Capital growth is a very powerful concept. As Albert Einstein once said, compound capital growth is the eighth wonder of the world.
What compound growth means is that if an asset worth £100,000 increases in value by 10% a year it will only take eight years for that asset to be worth more than double its original value. In ten years it will be worth around £259,000. And that’s without leverage.
Imagine that you’re back in 1996. You have £16,000 to invest, but you’re not sure what to do with it. Your stockbroker tells you one thing, your financial adviser tells you another, and your bank manager – of course – reckons you should stick it in the bank for a rainy day.
Instead, you decide to use that £16,000 as a deposit on an £80,000 buy-to-let property in London (that was the average house price in London just 20 years ago).
Two decades on, the average London property is worth over £488,000.

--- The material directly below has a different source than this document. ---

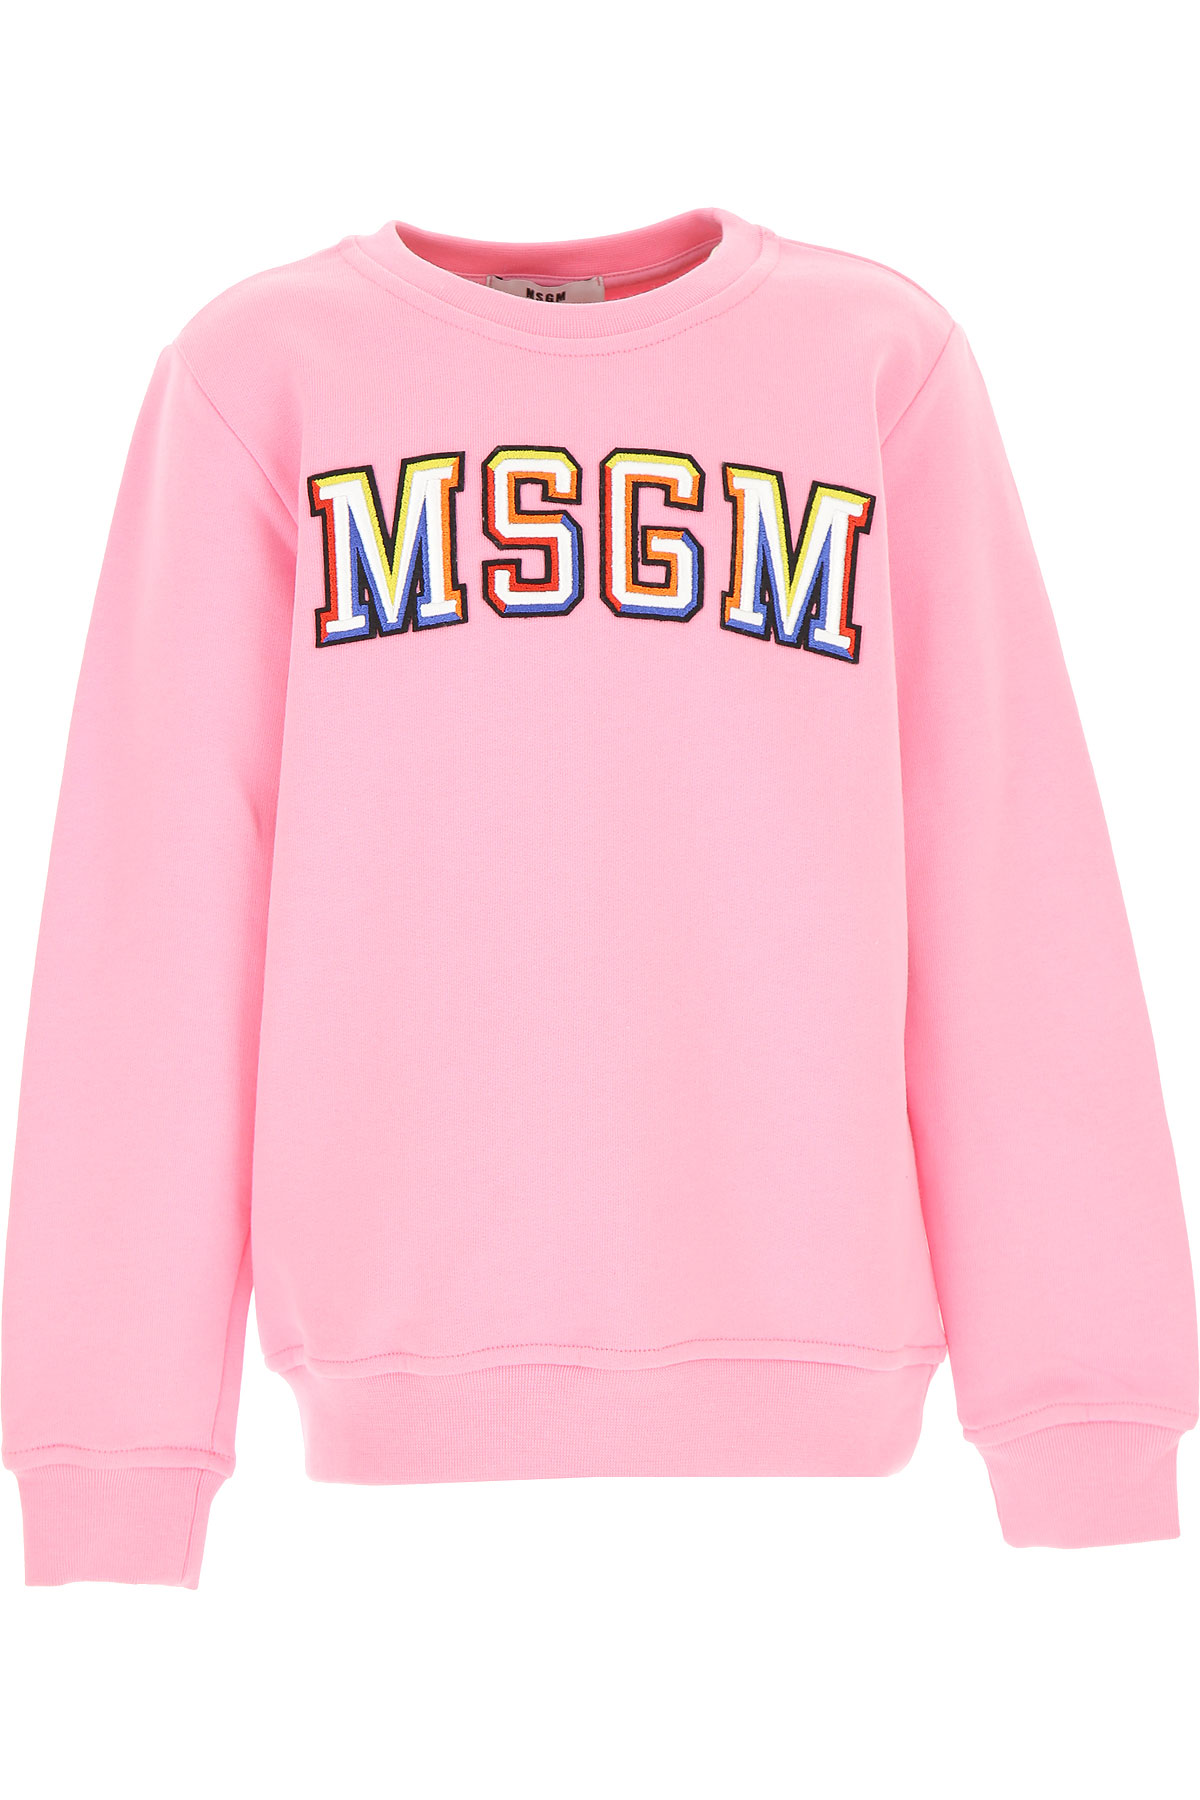 MSGM Kinder Sweatshirt & Kapuzenpullover für Mädchen Günstig im Sale, Pink, Baumwolle, 2017, 14Y 8Y

That means, provided you covered your mortgage payments and costs with rental income, your £16,000 has turned into £408,000 profit. Now there may well have been various incidental costs to take into account but, I think it’s fair to say, you would still have done many times better than if you had put that money into a pension or kept it in the bank.

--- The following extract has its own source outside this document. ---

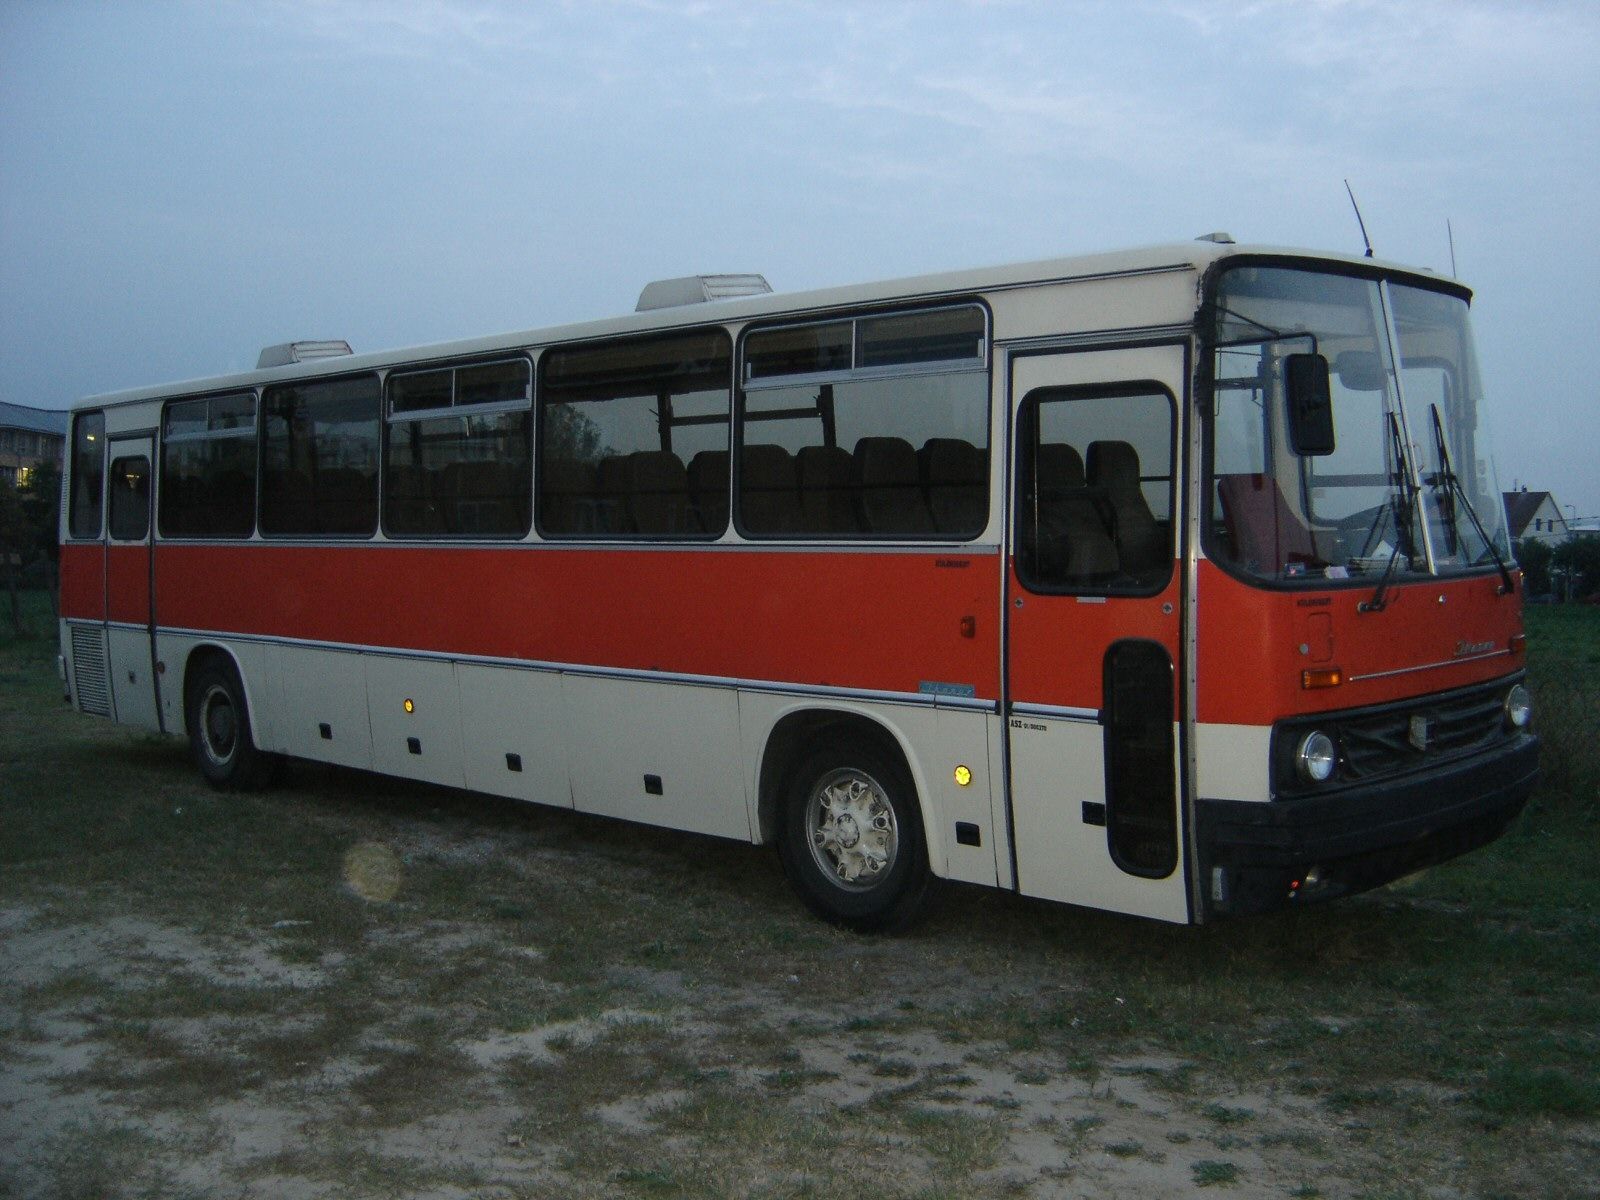 Ikarus 250 - венгерский междугородний автобус, который выпускался с 1973 по 1996 годы. Активно поставлялся в СССР

It’s not possible to make the benefits of property investment any clearer than that.
It is, in my opinion, far and away the best investment you can make. Imagine that property only did half as well as this over the next ten years. It would still be likely to produce several times the returns of any other asset class.
Because of the power of compound growth, many people think property is all about capital growth, and that aspect is certainly what helps make it an attractive investment. And the fact that you can leverage purchases and obtain, for example, an 80% LTV mortgage multiplies the rate at which your capital can grow at astonishing rates.

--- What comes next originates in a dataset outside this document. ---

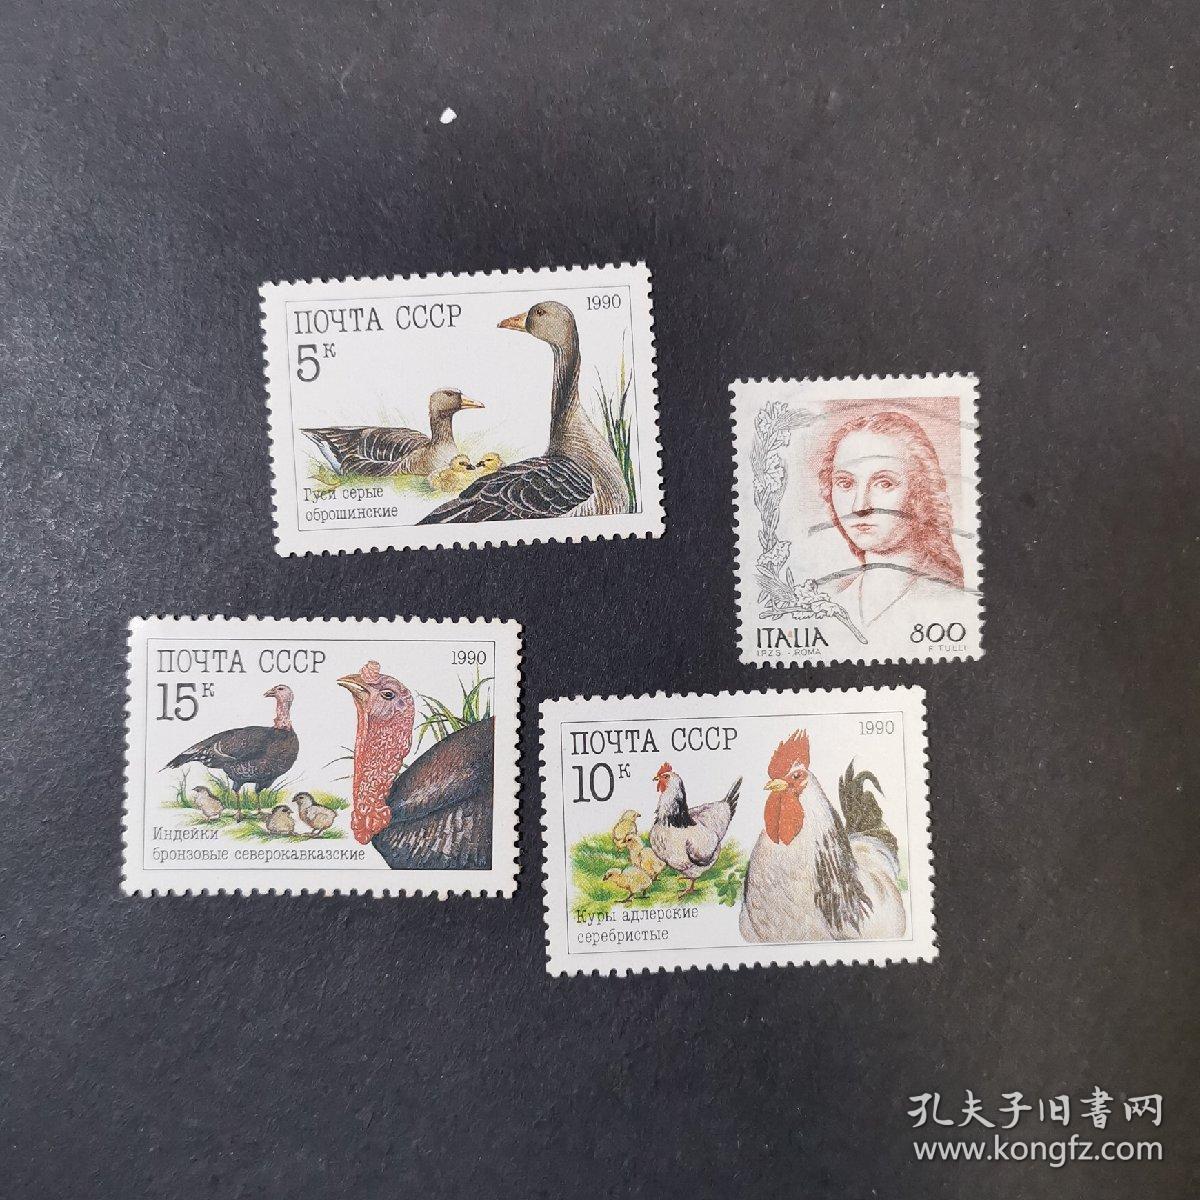 韩国邮票 ·（大公鸡、野鸭、火鸡、尺寸4×3公分）（意大利绘画女子，尺寸2.5×3公分）邮票4枚   精美邮票

Nonetheless, many people have come unstuck by leveraging highly and speculating on capital growth. They have then found themselves in an unsustainable position having to subsidise mortgage payments as the rental income has not been sufficient to cover their financial outgoings on the property.
You may be able to support one property at £200 a month whilst you wait for it to increase in value, but how many more of those could you afford?
However, if all your properties at least ‘wash their face’ and produce a small profit from rental income, you can support as many of them as you can buy – and benefit from the capital growth in all of them.